The reason behind virtual environments is avoiding package collisions and keeping configurations local.

This makes the code reproducible and so, reliable.

9. Be Object-Oriented

There is good reason to not have everything in one file with thousands of functions.

Python objects

Python is a very good object-oriented easy to understand language. In order to exploit this feature, one should code taking into account that:

Every function should do exactly one thing
Every class should be focused on a single multi-stage task
Every file (module) should contain all the methods related to the same process.
Every package should be a collection of all the methods required for the task the package is aimed to solve.

By using this principle it is really easy to make object-oriented code reusable, readable, modular, encapsulated, and inheritable.

10. What to Avoid

Import only the needed methods, not all of them!

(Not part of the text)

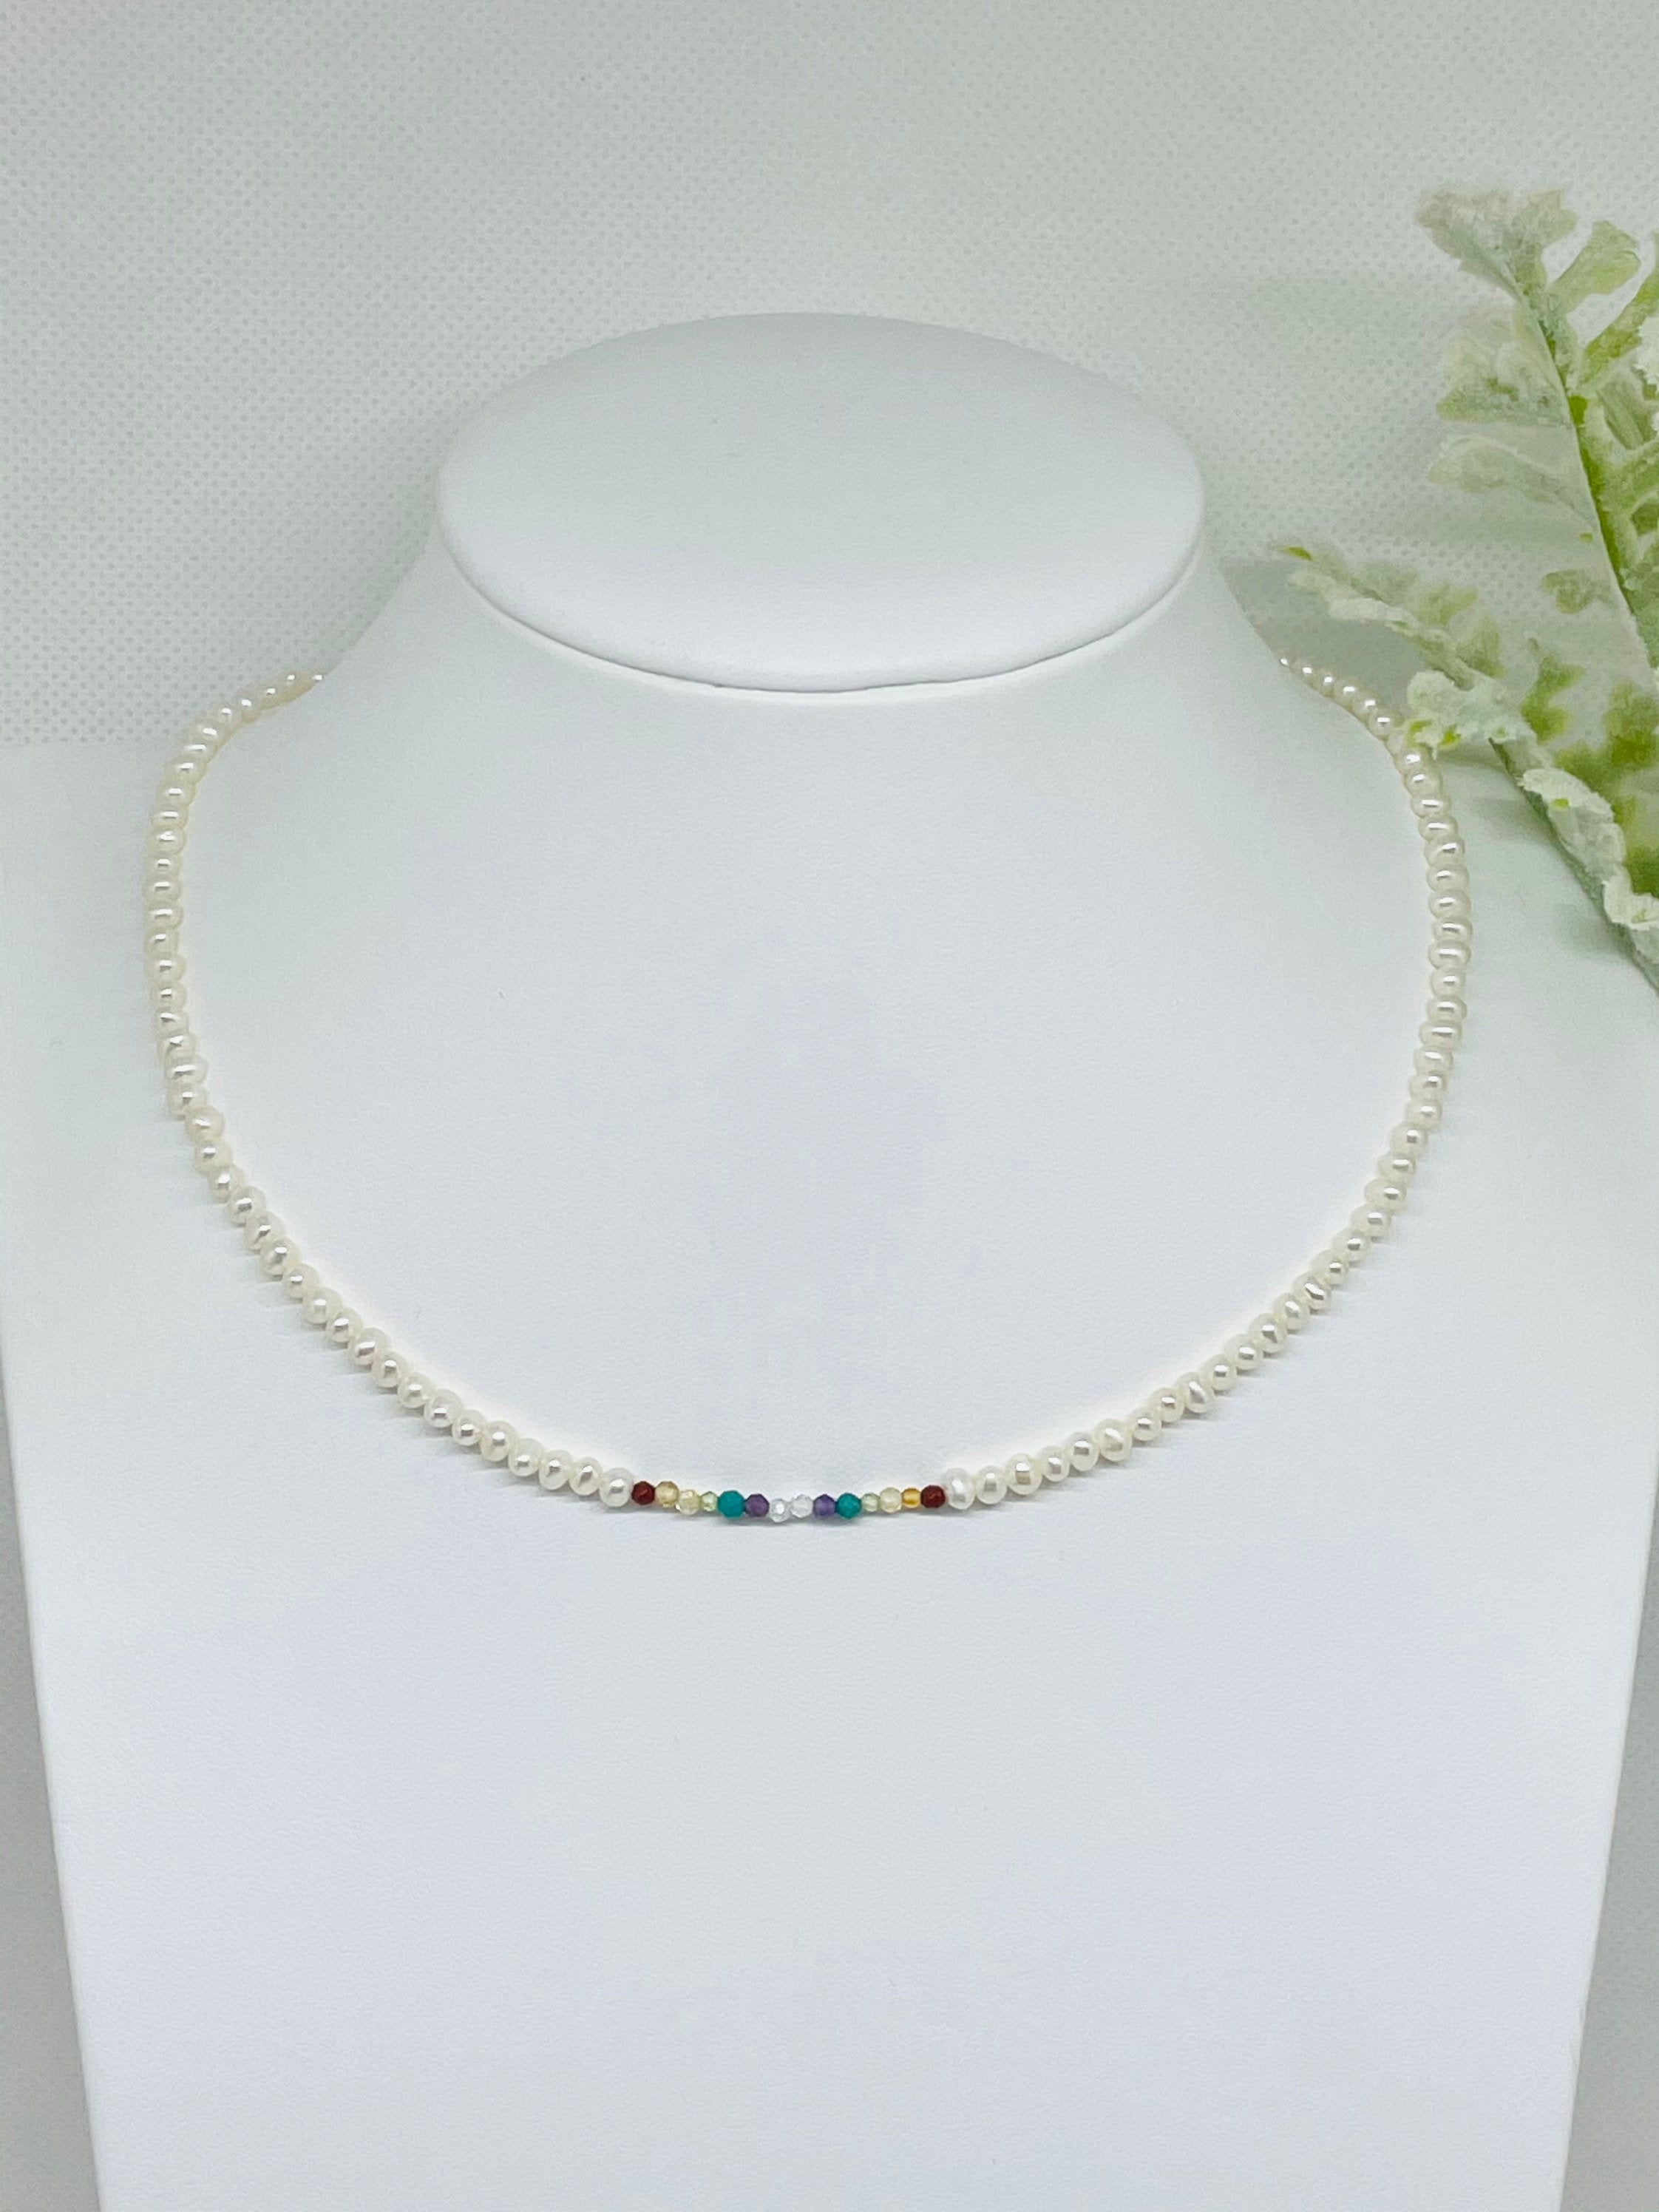 Pearl Choker Necklace with 7 Chakra Beads

You will avoid crashes, name collisions, better use of memory and speed. And it is also a good security measure.

# This is bad
from sklearn.metrics import *

# This good
from sklearn.metrics import confusion_matrix

# Also this is good practice
# importing multiple methods at once
from sklearn.metrics import confusion_matrix, \\
accuracy_score, f1_score

Do not turn off error reporting while coding and testing. This should be avoided for obvious reasons. Only turning it off in production code when the errors are known and do not affect the actual product.
```
# Never do it like this
import warnings
warnings.filterwarnings("ignore")
```
Use distutils for altering path variables
Handle secret keys and sensitive information using an external package, never hard-encode them in your python files!
Several packages do this: python-dotenv , AWS’s boto3, Hashicorp’s hvac, etc.

Example with python-dotenv:\
1. Create a .env file and write inside the key-value pairs.
```
  API_KEY=test-key
  API_SECRET=test-secret
```
2. Add the .env file in the .gitignore file.
3. In the main.py file, import and load the dotenv package with each secret by the key. The value will be passed through the secure package.
```
from dotenv import load_dotenv
import os

load_dotenv()

api_key = os.getenv("API_KEY")
api_secret = os.getenv("API_SECRET")

print("API_KEY: ", api_key)
print("API_SECRET: ", api_secret)
```

Wrapping up

Writing good python code is easy and achievable if one follows a simple set of rules.

In this article I presented my general rules for that purpose, but there may be others.

This is the foundation of the checks needed for MLOps, Data Science, DevOps and general python coding.